**DATASET SECTION**
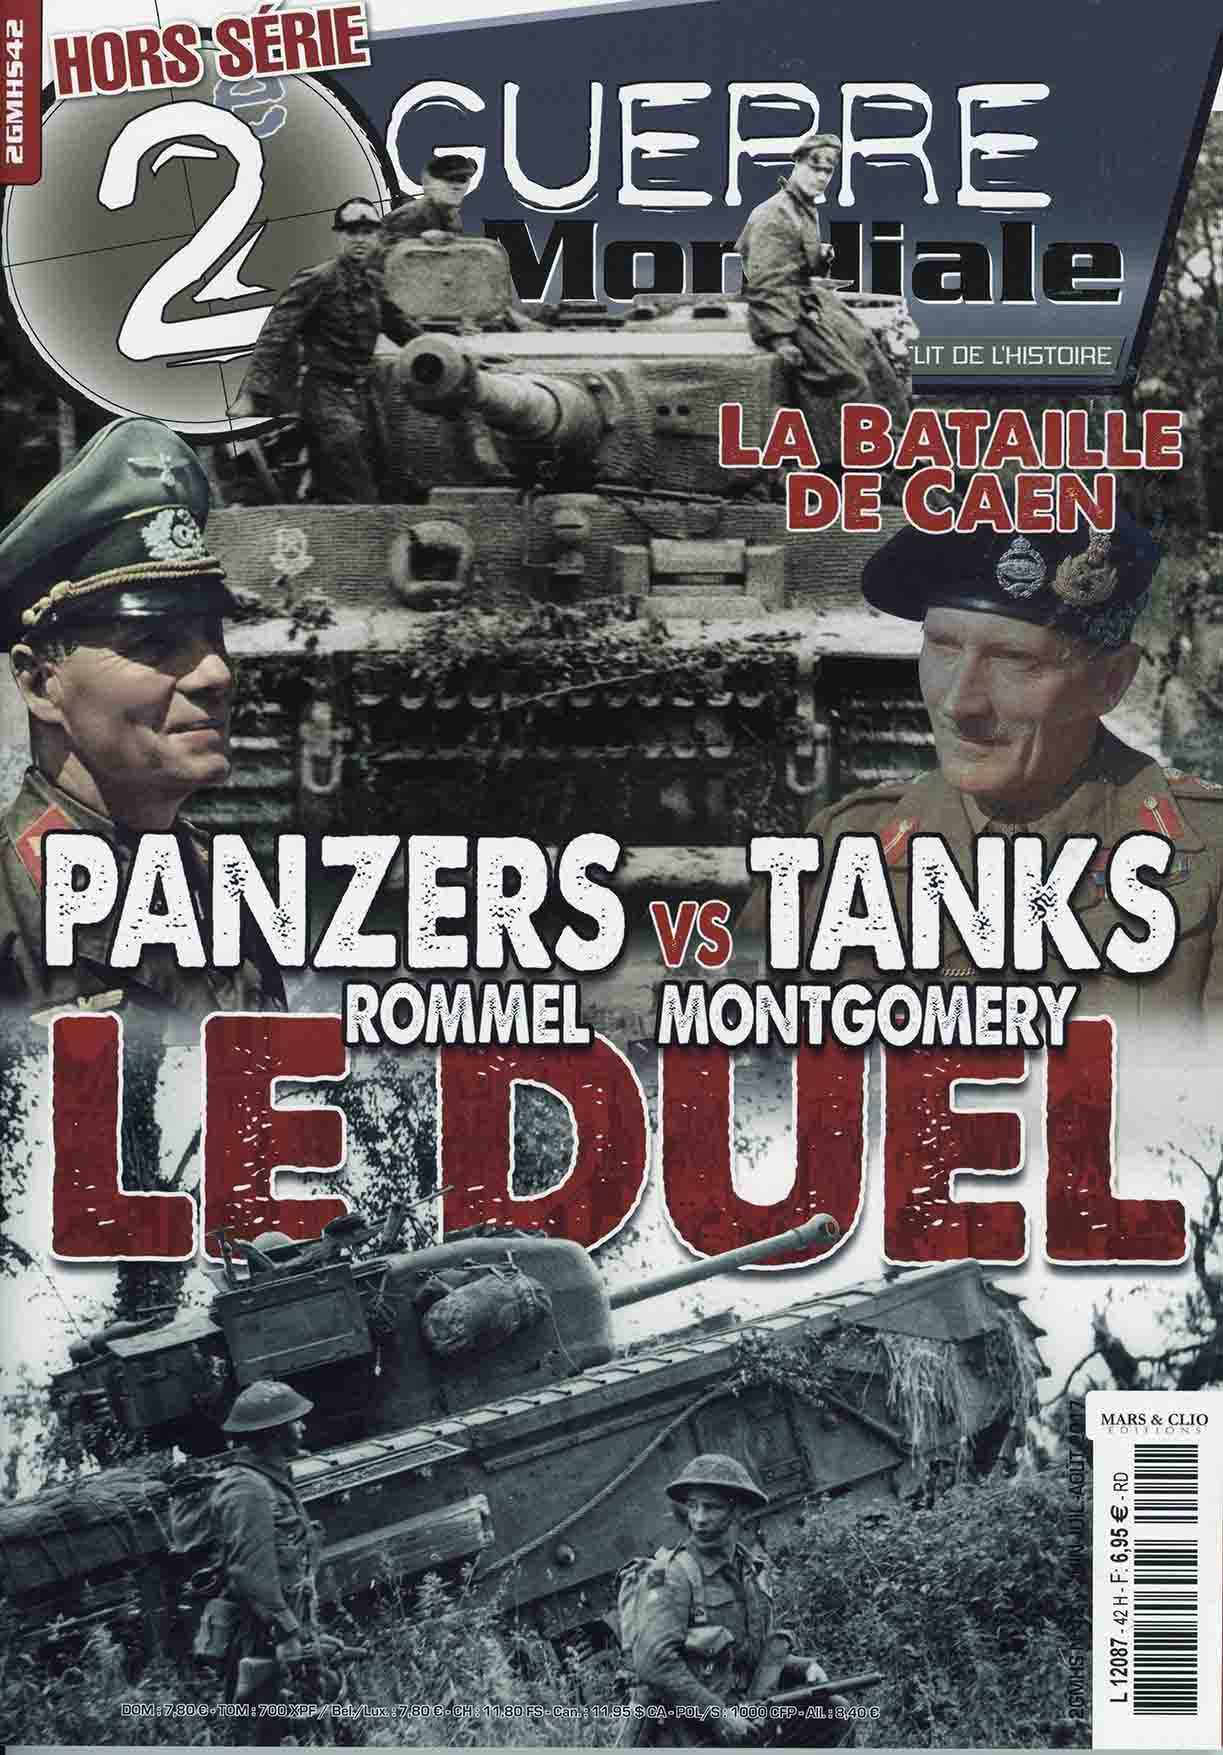 Rommel Montgomery le duel
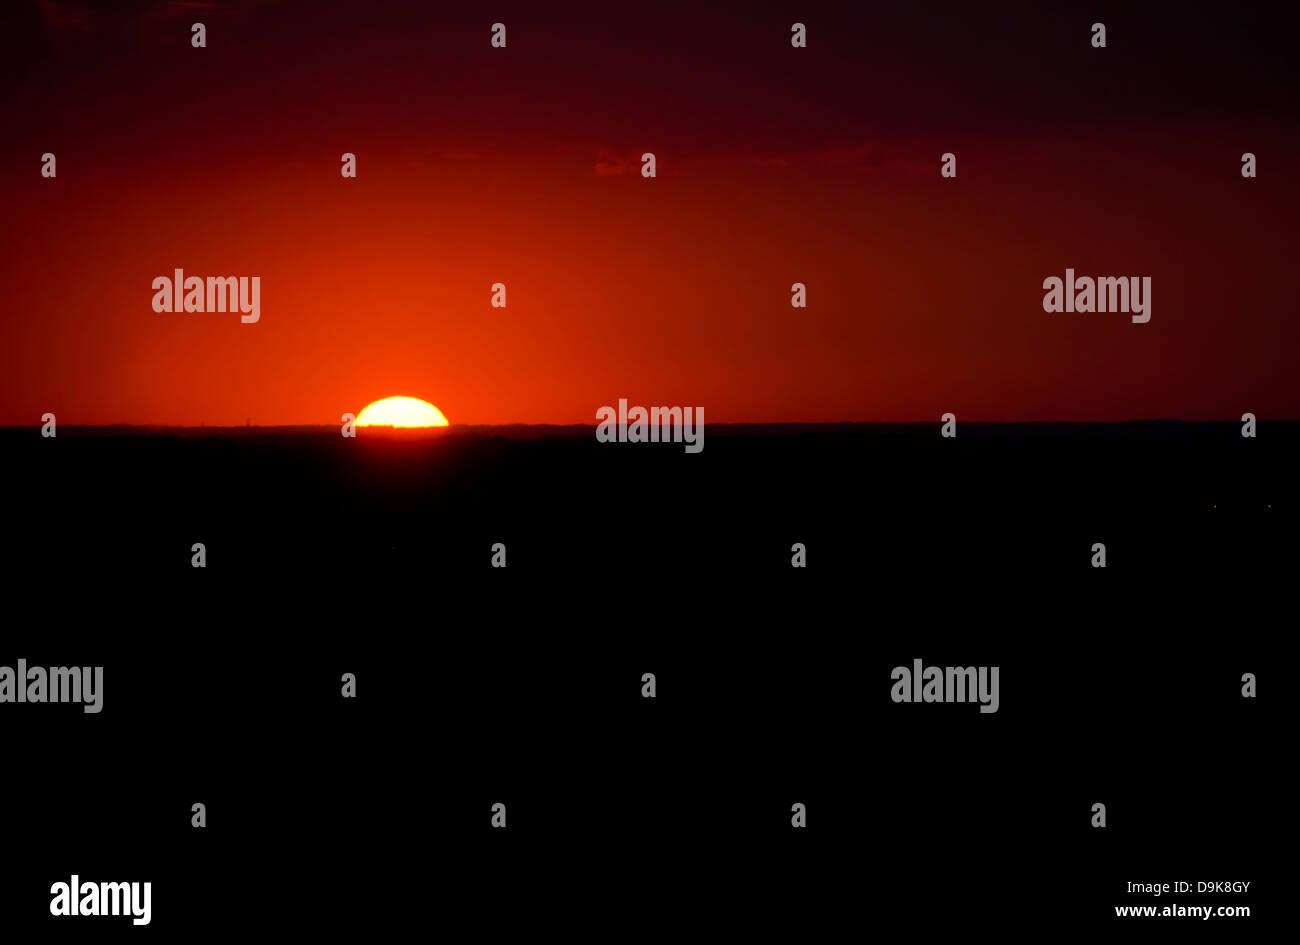 Intense red dark sky illuminated by the setting sun on the horizon. - Stock Image
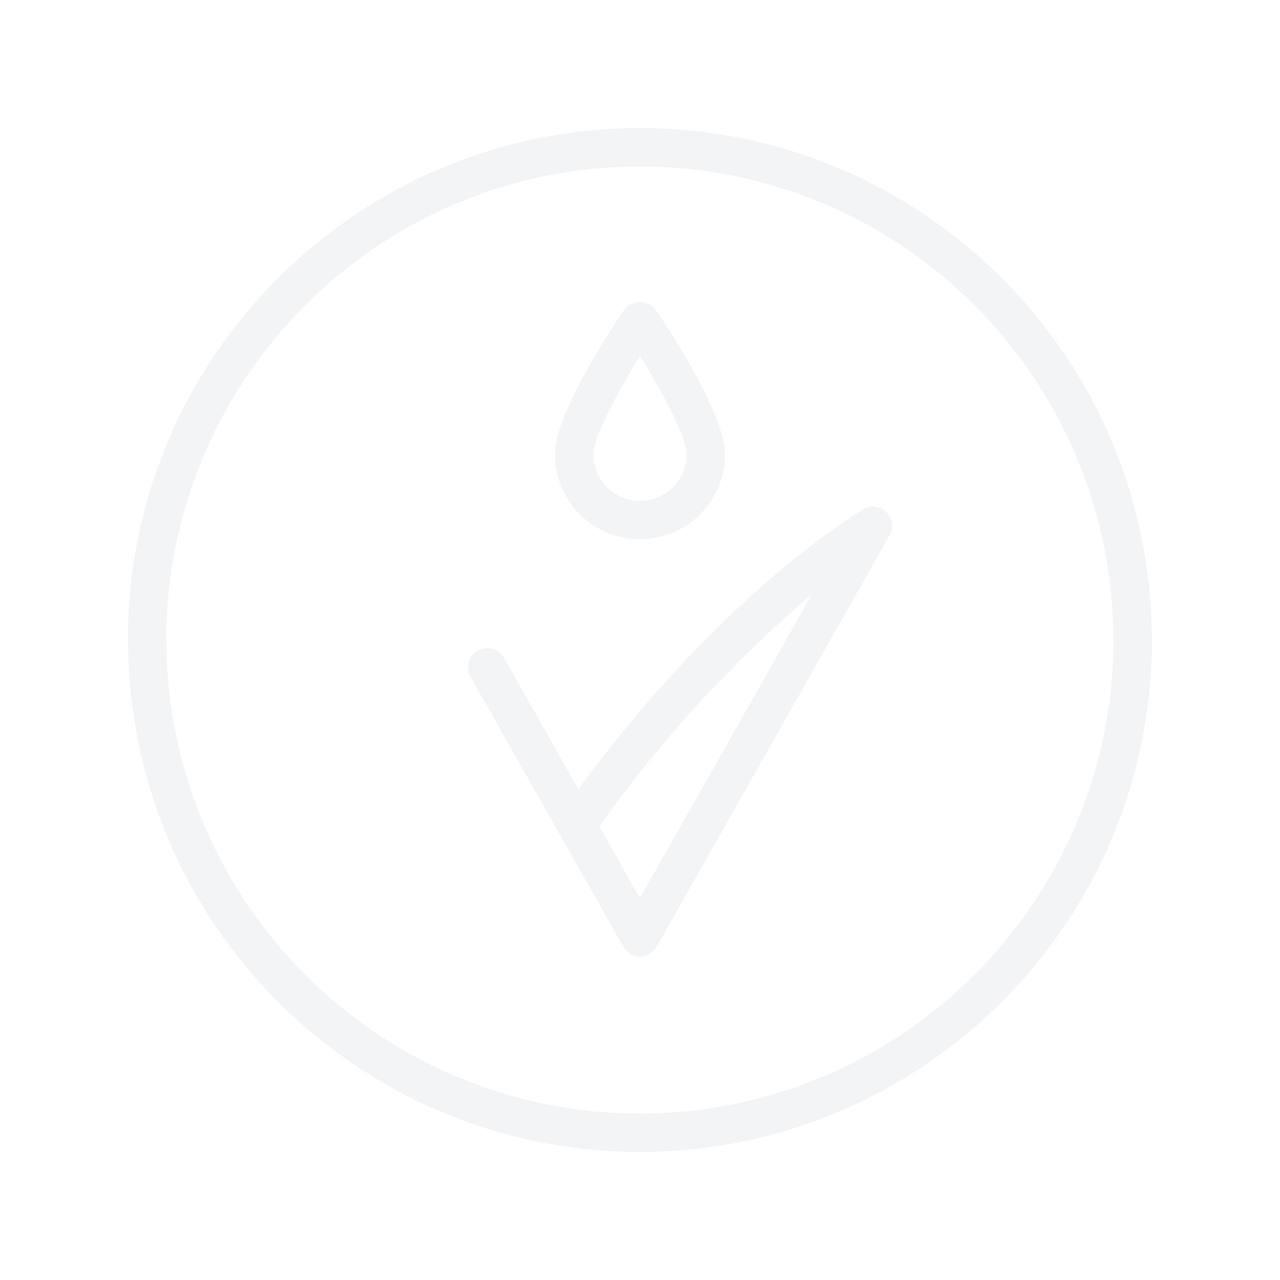 E.L.F. Intense Ink Eyeliner 1.6g

**WHAT YOU SHOULD DO**
Each line of the material needs to be given again exactly, without any of its pictures.

**SOLUTION FOR THIS PROBLEM**
 Rommel Montgomery le duel
 Intense red dark sky illuminated by the setting sun on the horizon. - Stock Image
 E.L.F. Intense Ink Eyeliner 1.6g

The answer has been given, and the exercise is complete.